Kreisverantwortliche trafen sich mit Jugendhilfe Werne - Weiterentwicklung der Förderschulen im Einvernehmen anstreben

Meinungsaustausch im Kreishaus: Zu einem persönlichen Gespräch über die Entwicklung der Förderschulen trafen sich jetzt Landrat Dr. Christan Schulze Pellengahr, Schuldezernent Detlef Schütt und Schul-Abteilungsleiter Gregor Twilling mit Uwe Schenk, dem Geschäftsführer der St.-Christophorus-Jugendhilfe Werne. Wie berichtet, hatte die Jugendhilfe Werne die Absicht bekundet, im südlichen Teil des Kreises Coesfeld eine private Förderschule mit den Schwerpunkten „Lernen“ und „Soziale und Emotionale Entwicklung“ zu errichten.

Abteilungsleiter Gregor Twilling, Geschäftsführer Uwe Schenk (St.-Christophorus-Jugendhilfe), Landrat Dr. Christian Schule Pellengahr und Dezernent Detlef Schütt (v.l.n.r.) beim Treffen im Kreishaus (Aufnahme: Kreis Coesfeld, Christoph Hüsing)

Abteilungsleiter Gregor Twilling, Geschäftsführer Uwe Schenk (St.-Christophorus-Jugendhilfe), Landrat Dr. Christian Schule Pellengahr und Dezernent Detlef Schütt (v.l.n.r.) beim Treffen im Kreishaus (Aufnahme: Kreis Coesfeld, Christoph Hüsing)

Alle Gesprächspartner kamen überein, dass sie eine einvernehmliche Lösung anstreben. Wir wünschen eine gute Kooperation mit der Jugendhilfe Werne“, betonte Landrat Dr. Christian Schule Pellengahr. So sollen alle weiteren Schritte möglichst im Konsens abgesprochen werden. Wichtig sei auch, dass alle Schulen – die derzeitigen in Nottuln, Dülmen und Coesfeld sowie die künftige im südlichen Kreisgebiet – ein eigenes Profil mit eigenen Schwerpunkten entwickeln.
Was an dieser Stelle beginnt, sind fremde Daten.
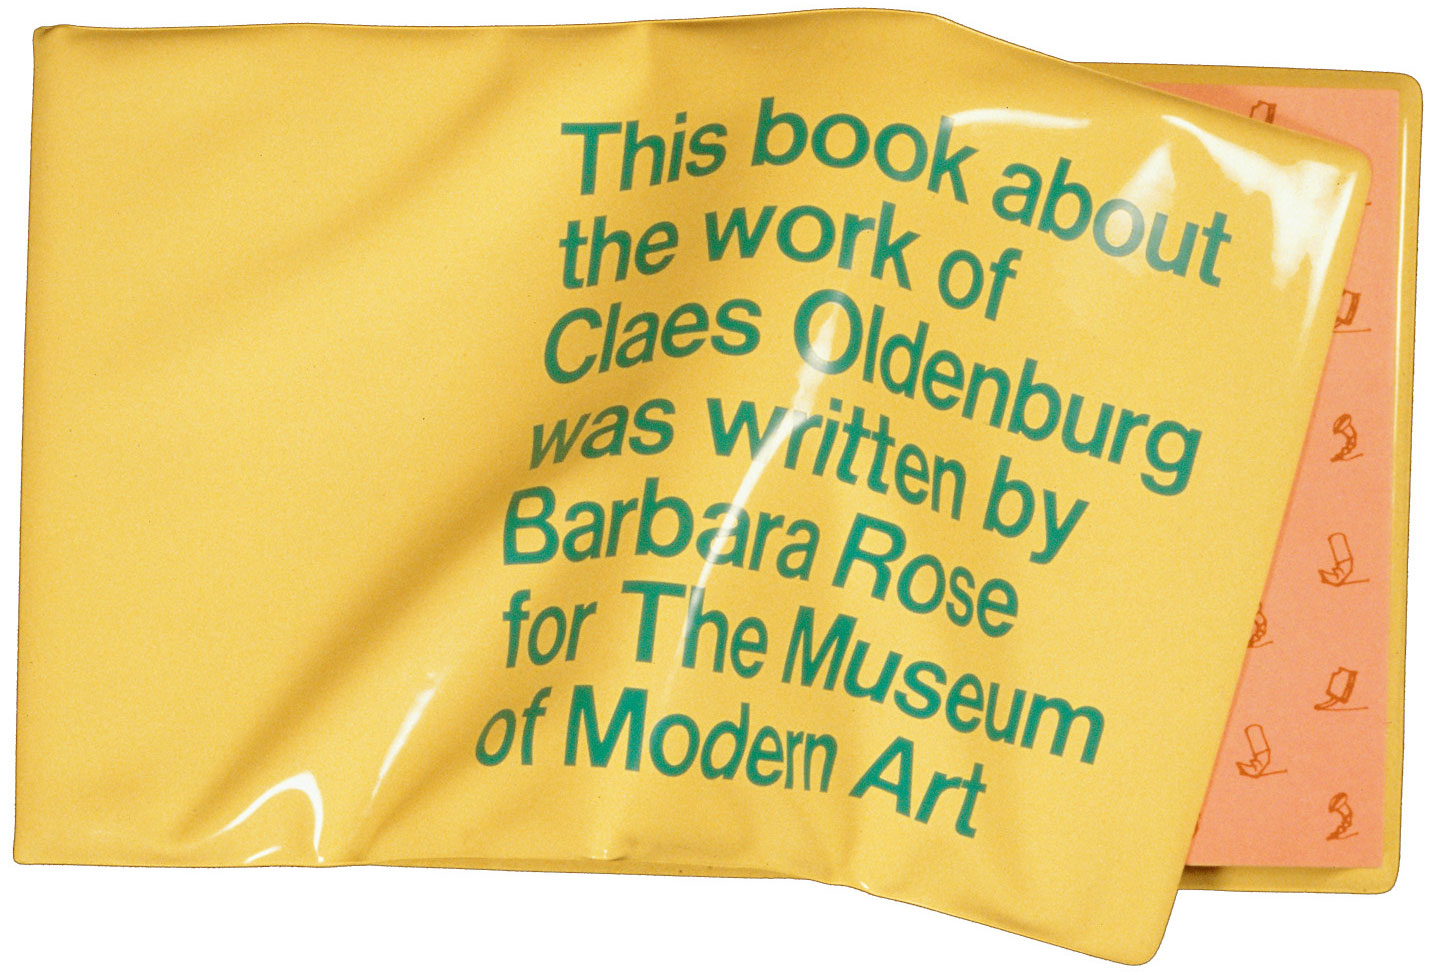 Chermayeff-and-Geismar-Claes-Oldenburg-catalogue-1970

Die Jugendhilfe Werne erarbeitet derzeit mit einem externen erfahrenen Beratungsbüro ein konkretes Konzept. Grundsätzlich wird von der Jugendhilfe Werne eine kleine wohnortnahe Schule angestrebt. Wie beim Kreis Coesfeld sei es natürlich auch das Ziel, inklusiv zu arbeiten, so dass sicherlich auch einige Schüler in die Regelschule wieder integriert werden könnten, unterstrich Schenk. Die neue Förderschule der Jugendhilfe Werne könnte dabei, darin waren sich alle Gesprächsteilnehmer einig, eine gute Ergänzung des vorhandenen schulischen Angebotes darstellen. Uwe Schenk stellte klar, dass die Jugendhilfe Werne keinesfalls die vorhandenen Förderschulen im Bestand gefährden wolle. Vielmehr müsse das gemeinsame Ziel ein Nebeneinander aller Förderschulen im Kreis Coesfeld sein.